Chocoball, panggilan untuk Rembulan dari orang-orang yang selalu mengejek dan memandang fisiknya buruk. Bahkan ada yang mengatakan bola berjalan, gentong, galon, dan hinaan menyakitkan di telinga Rembulan.
"Wih, chocoball mau ke mana, nih?" seru salah satu lelaki yang Rembulan ketahui bahwa dia adalah teman Pelangi. Meski tidak benar-benar mengejek, tapi panggilan itu sudah seperti hal yang biasa dilontarkan untuk Rembulan. Rembulan tidak tahu dari mana dan siapa yang mencetuskan kata chocoball untuknya. Terlebih lagi murid kelas dua belas yang notabenenya adalah teman-teman Pelangi, entah teman sekelas atau tidak, tapi mereka satu angkatan.
Teman-teman Pelangi memang sering memanggil Rembulan dengan sebutan chocoball. Ketika Rembulan melewati lorong kelas dua belas, maka panggilan itu sering dia dengar. Rembulan tidak bisa menghindari koridor kelas dua belas karena itu merupakan penghubung kelasnya menuju kantin, perpustakaan dan masjid. Rembulan sebenarnya malas, terlebih ketika teman-teman Pelangi mengetahui bahwa dia pernah menuliskan surat untuk kakak pamong yang Rembulan tujukan untuk Ketua OSIS. Rembulan mengatakan dalam surat itu bahwa dia memuji Ketua OSIS yang tampan. Dari sanalah Rembulan benar-benar menyesal pernah menuliskannya dan berakhir diolok-olok oleh teman-teman seangkatan Pelangi.
Rembulan tidak menghiraukannya, dia tetap berjalan hingga kekehan di belakangnya sudah tidak terdengar ketika dia berhasil melewati lorong kelas dua belas.

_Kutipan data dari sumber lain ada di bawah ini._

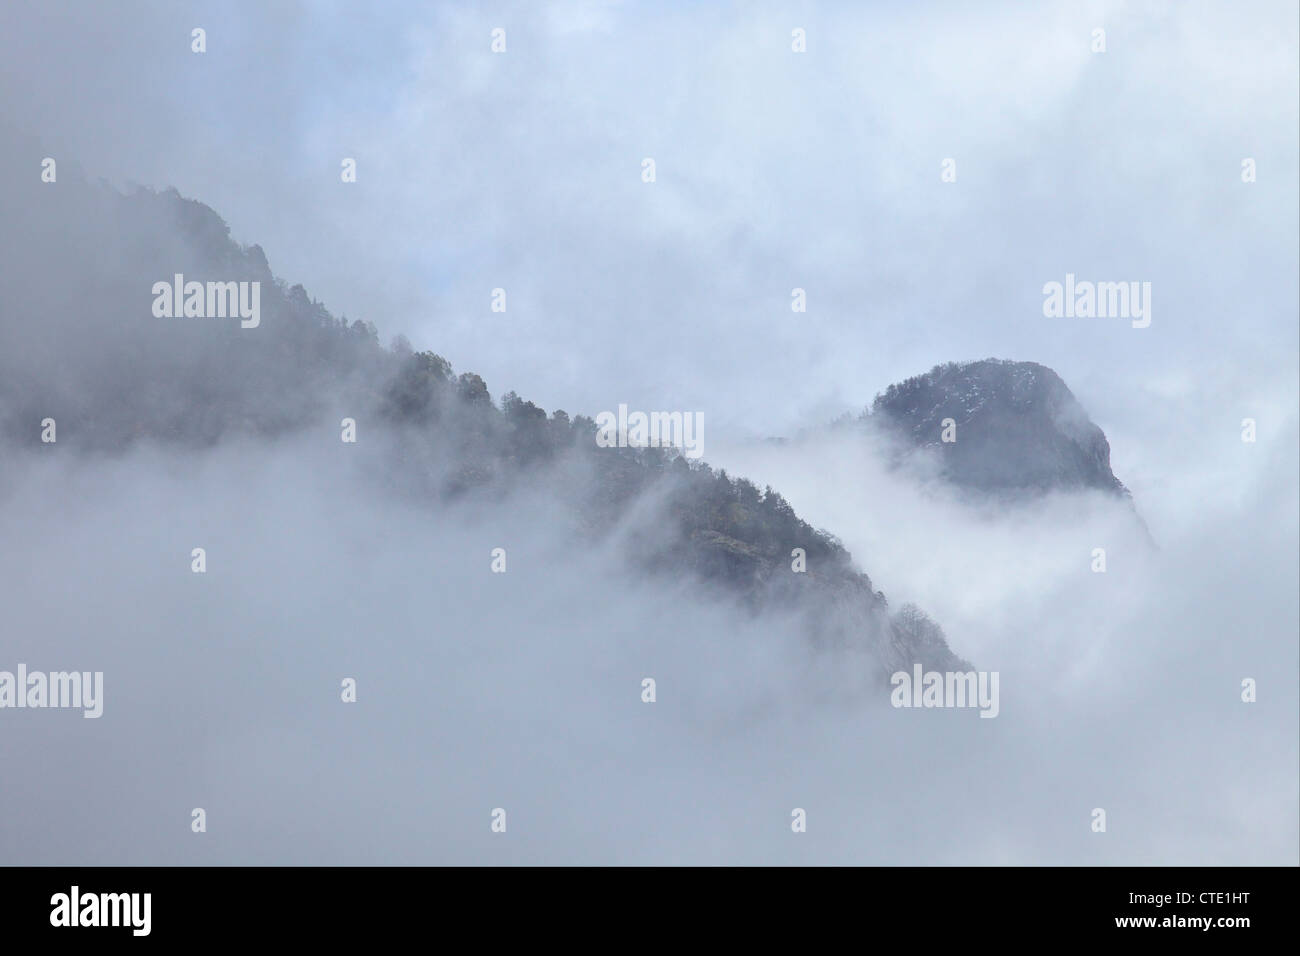 Forest e scogliere nella nebbia, Engadina, alpi svizzere, Svizzera Europa Foto Stock
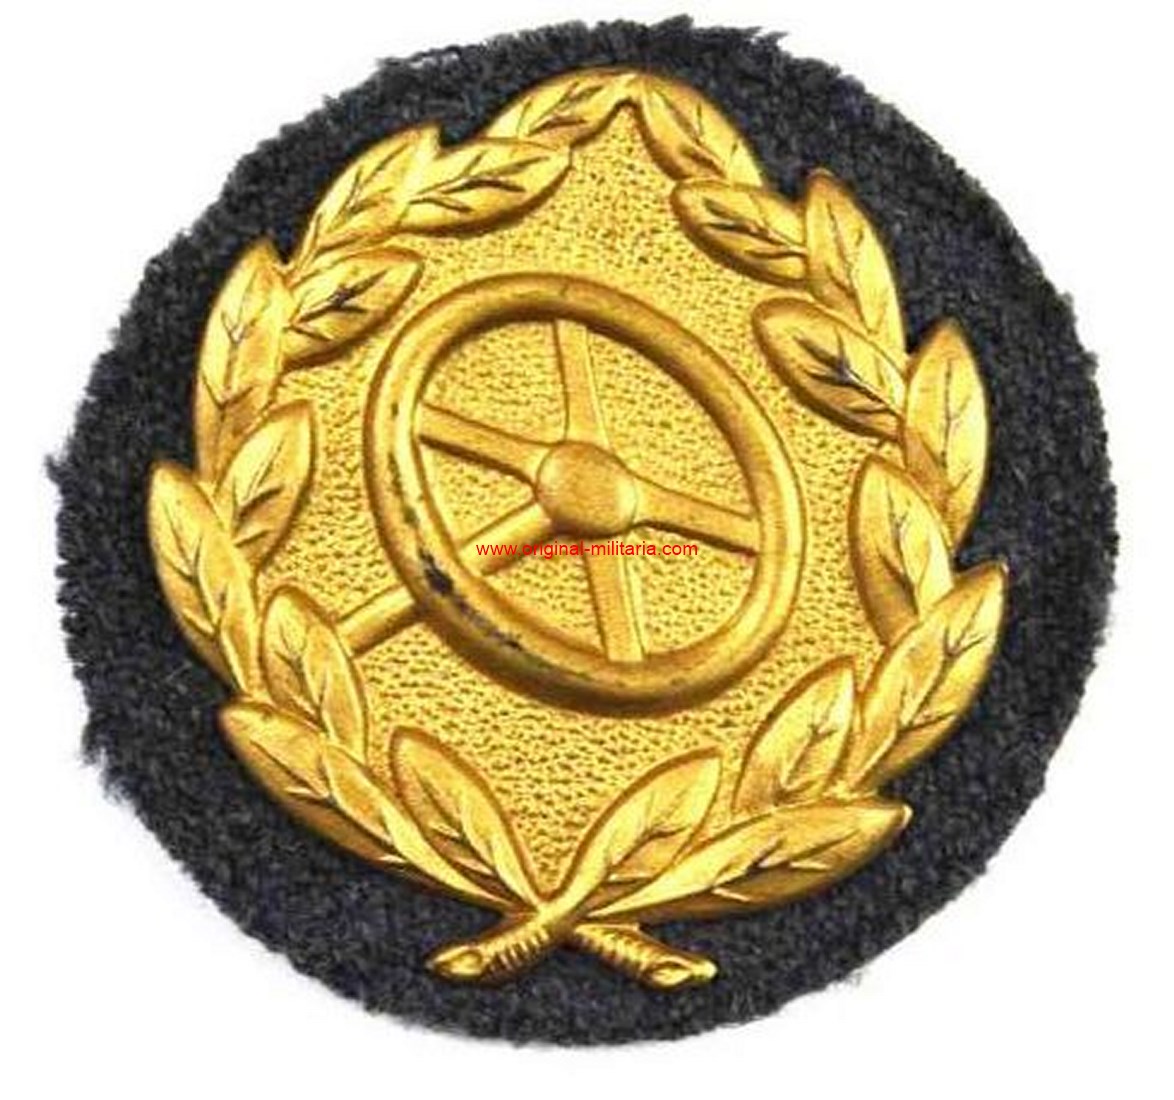 LW/ Distintivo de Conductores en Oro

"Lan, lo nggak apa-apa, kan?" tanya Pita dengan laptop di tangannya. "Gue pengen marahin kakak kelas tadi, tapi gue malu, Lan, ada banyak kakak kelas nanti malah jadi masalah. Lagi pula, gue takut disangka cari muka dan songong sama kakak kelas. Maaf, ya, Lan."
"Iya, Lan. Maaf, ya, gue juga cuma diem aja tadi. Soalnya malu kalau ngelewatin kakak kelas gitu, Lan." ucap Yura merasa tidak enak, sama seperti Pita.
Tentu saja melawan kakak kelas bukanlah hal yang mudah. Selalu ada kalimat: Senior selalu benar, kalau senior salah, maka kembali lagi ke kalimat awal. Selalu ada kasta senior dan junior yang sudah mendarah daging di setiap sekolah-sekolah. Lagi pula, mereka masih kelas sepuluh, nyalinya belum terlalu besar dan masih malu-malu untuk mengenal lingkungan sekolahnya lebih jauh lagi.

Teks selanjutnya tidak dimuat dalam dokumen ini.